(DATA SEGMENT begins)

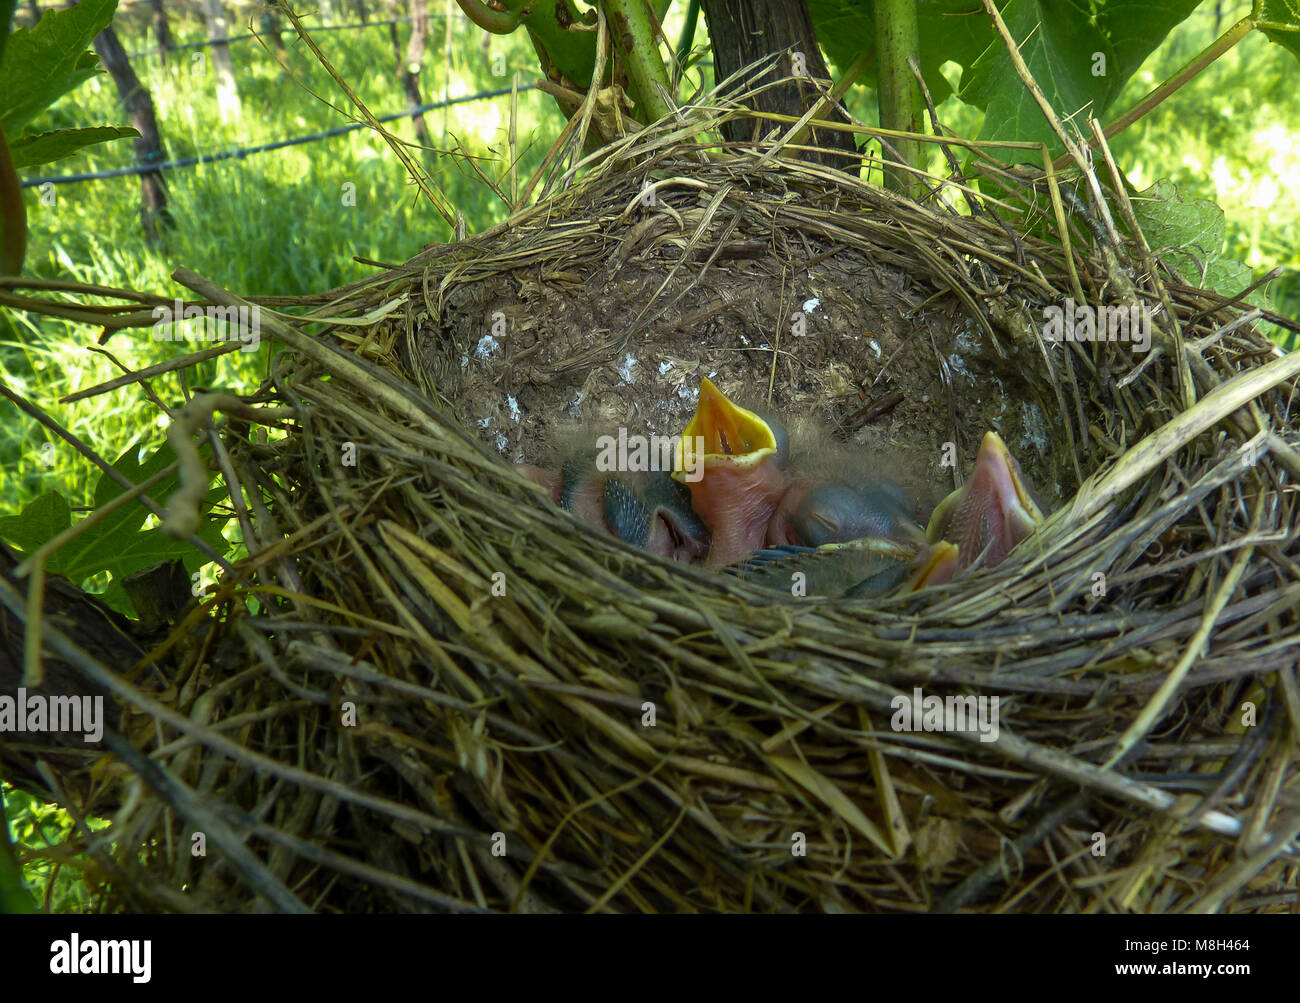 Turdus merula birds. birds in nest on a tree. Common Blackbird's nest with young birds. Stock Photo
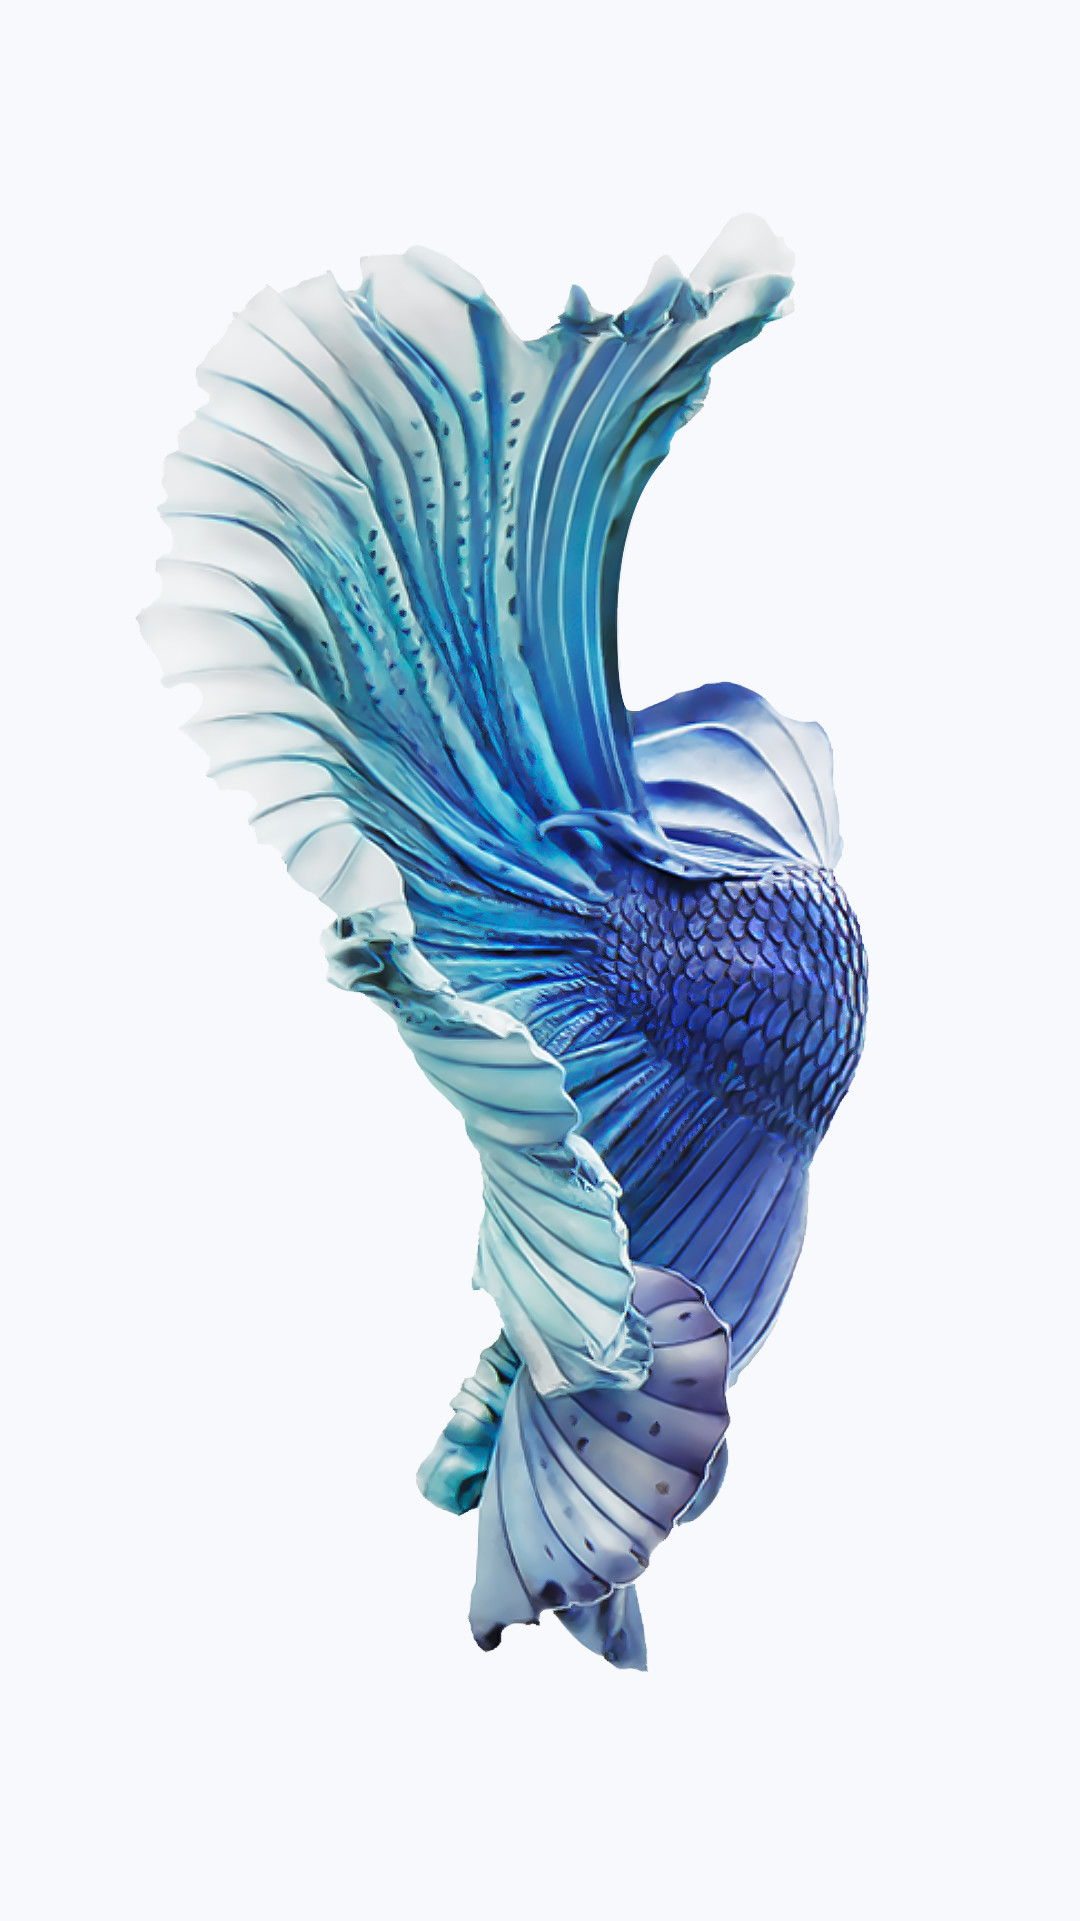 1080x1921 iPhone-6s-Silver-Blue-Fish-Wallpaper.png (1080Ã
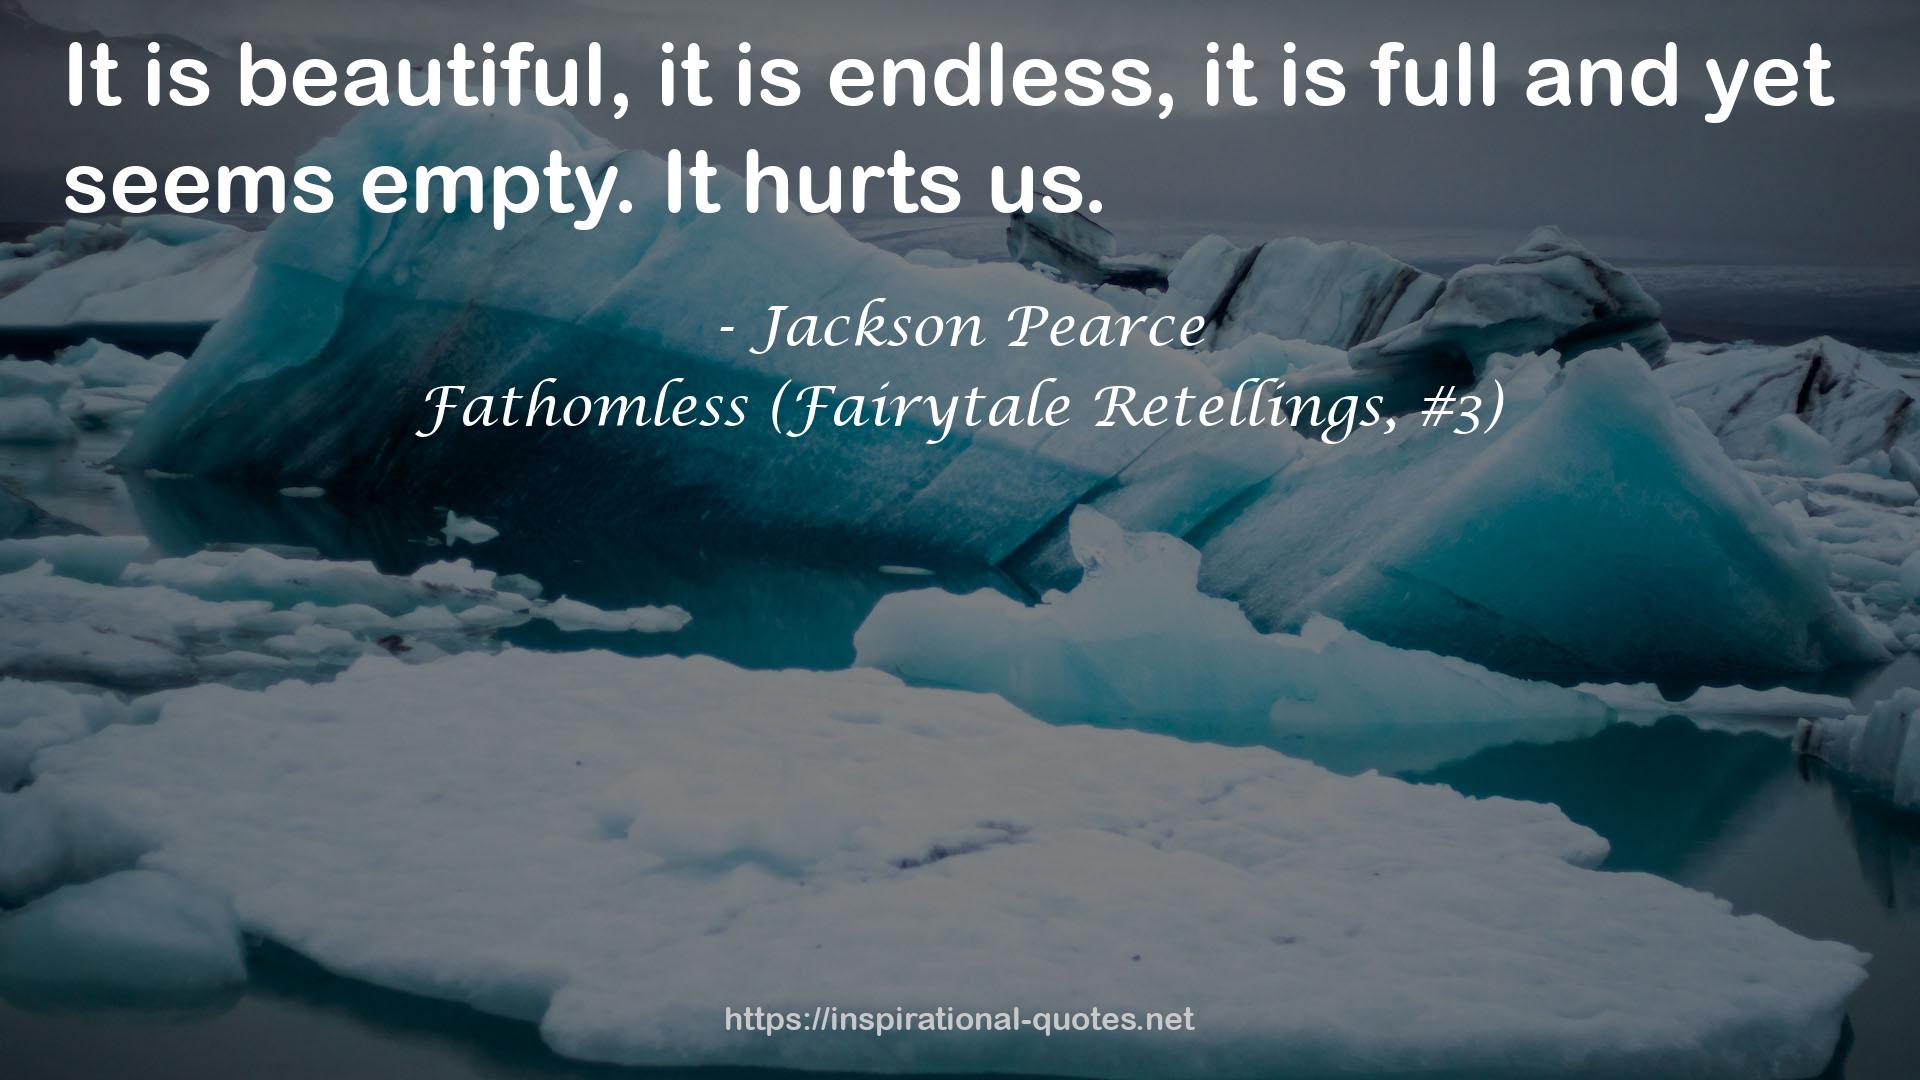 Fathomless (Fairytale Retellings, #3) QUOTES

(DATA SEGMENT ends)

**WORK REQUIRED**
What you output must be exactly the lines from the line with "1080x1921 iPhone-6s-Silver-Blue-Fish-Wallpaper.png (1080Ã" through the last line of the listing, pictures excluded.

**ANSWER SPACE**
 1080x1921 iPhone-6s-Silver-Blue-Fish-Wallpaper.png (1080Ã
 Fathomless (Fairytale Retellings, #3) QUOTES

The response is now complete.